Тот споро подбежал и расстелил перед кузнецом кольчугу. На земле. Но не ту, что Малу выпало в долю, а доставшуюся Ярославу от Магни. Тот ведь умер от удара копьем в горло и кольчугу целую имел. А та, что Мал должен был получить, имела прореху в боку.
– Это не та кольчуга, – уже намного теплее произнес кузнец, ощутимо оттаяв.
– Не та. Но ты взял опеку над Любавой. Не бросил в беде. Тебя же, считай, ограбили. Потому и кольчугу лучшую даю. И сверху три золотых.
Произнес Ярослав и, достав из кошелька три византийских солида, протянул их Малу. Шагнув вперед, но недостаточно для передачи. То есть вынуждая того самому пойти навстречу. От трех золотых не отказываются. Каждый ведь в дюжину серебряных дирхемов идет. То есть – целое состояние!

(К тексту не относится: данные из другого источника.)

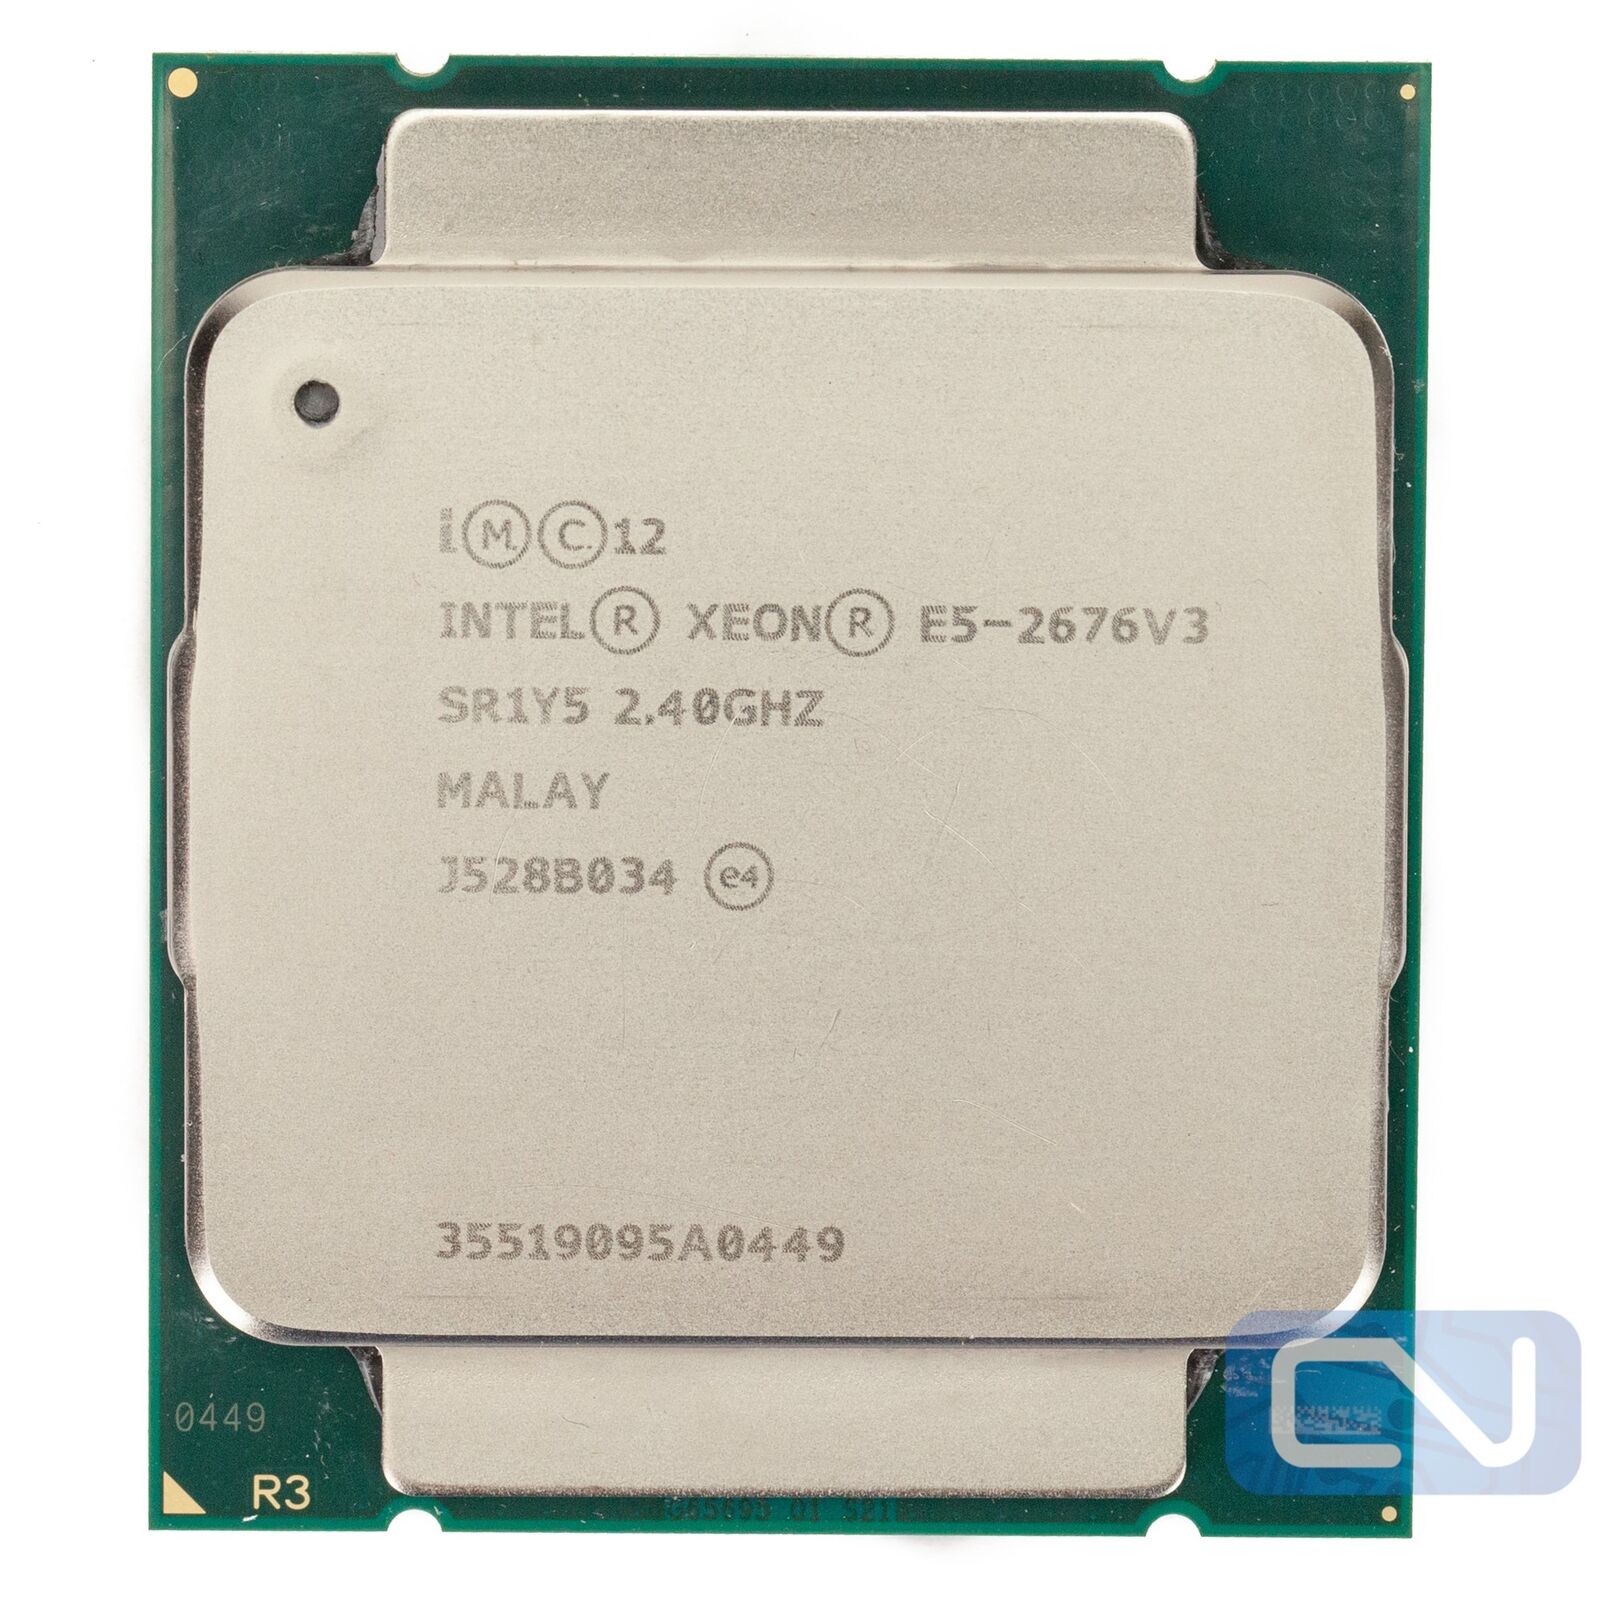 Intel Xeon E5-2676 v3 2.4GHz 30MB SR1Y5 12 Core 2011-3 B Grade CPU Processor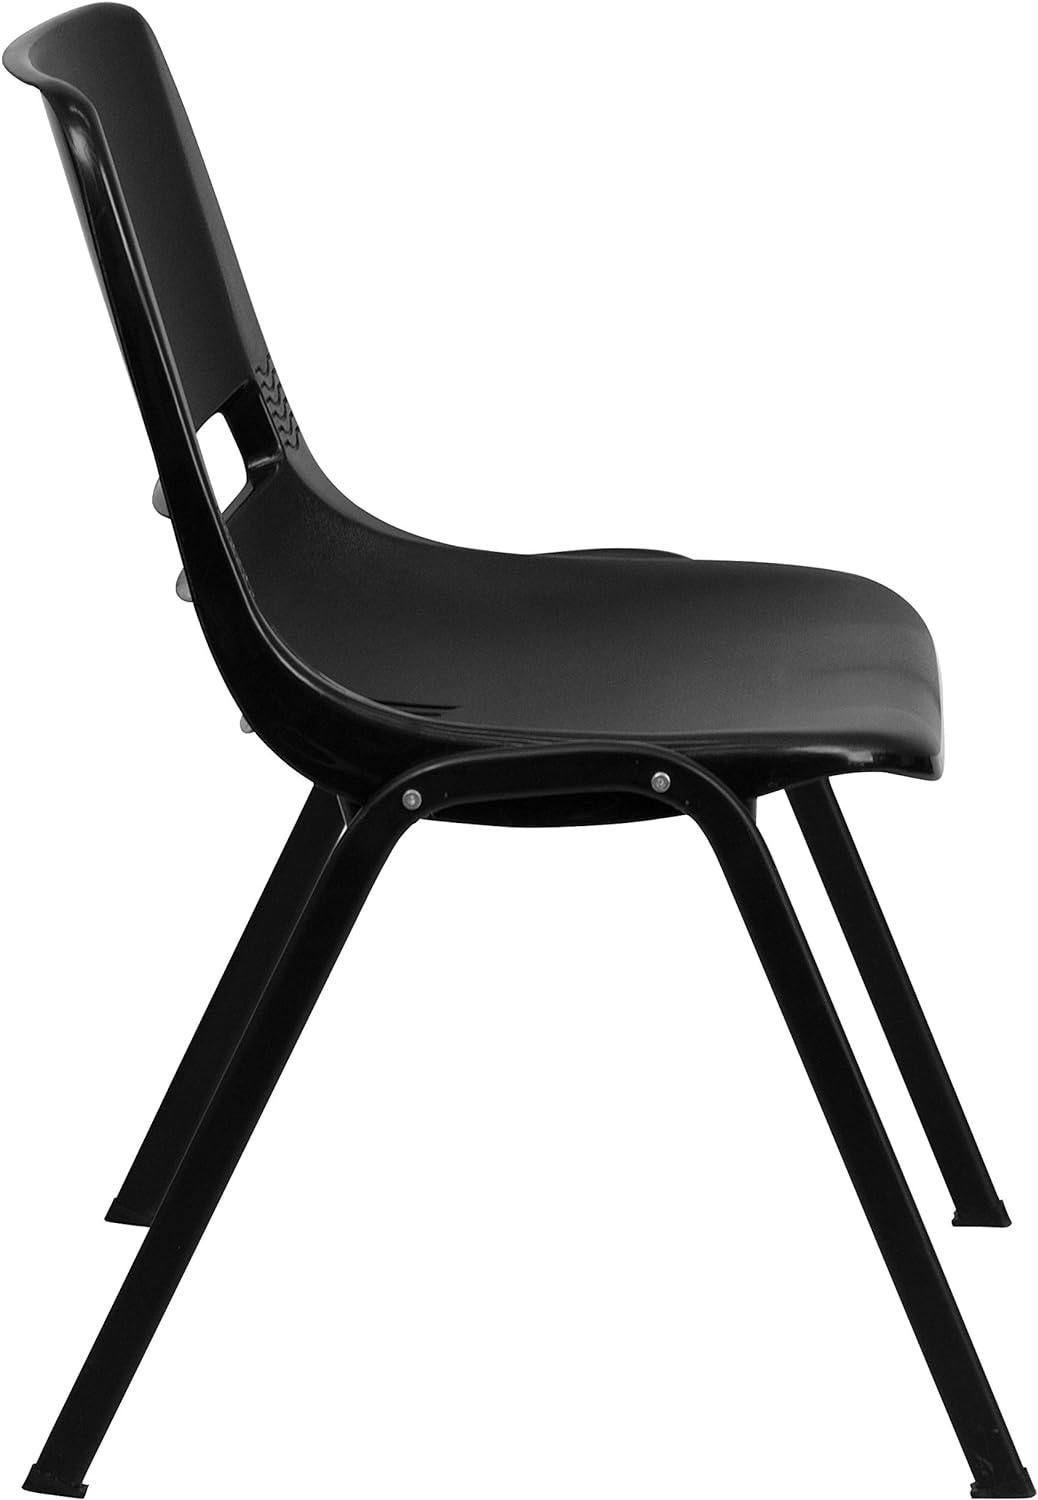 ErgoKids 440 lb Capacity Black Metal Stack Chair for Preschool

И кузнец шагнул вперед. И протянул руку. И принял монеты.
После чего Ярослав попрощался и покинул усадьбу кузнеца. Сразу вступать в переговоры было не нужно. Люди здесь не быстрые. Соображают медленно. Вот пусть и переварит Мал с родичами поступок парня. Тот ведь к нему пришел и подарил огромную ценность. И ничего взамен не попросил ни словом, ни жестом. Вроде как справедливость восстанавливал. Но справедливость – штука субъективная. У каждого своя. И то, что хорошо было совету старейшин, совсем не годилось кузнецу.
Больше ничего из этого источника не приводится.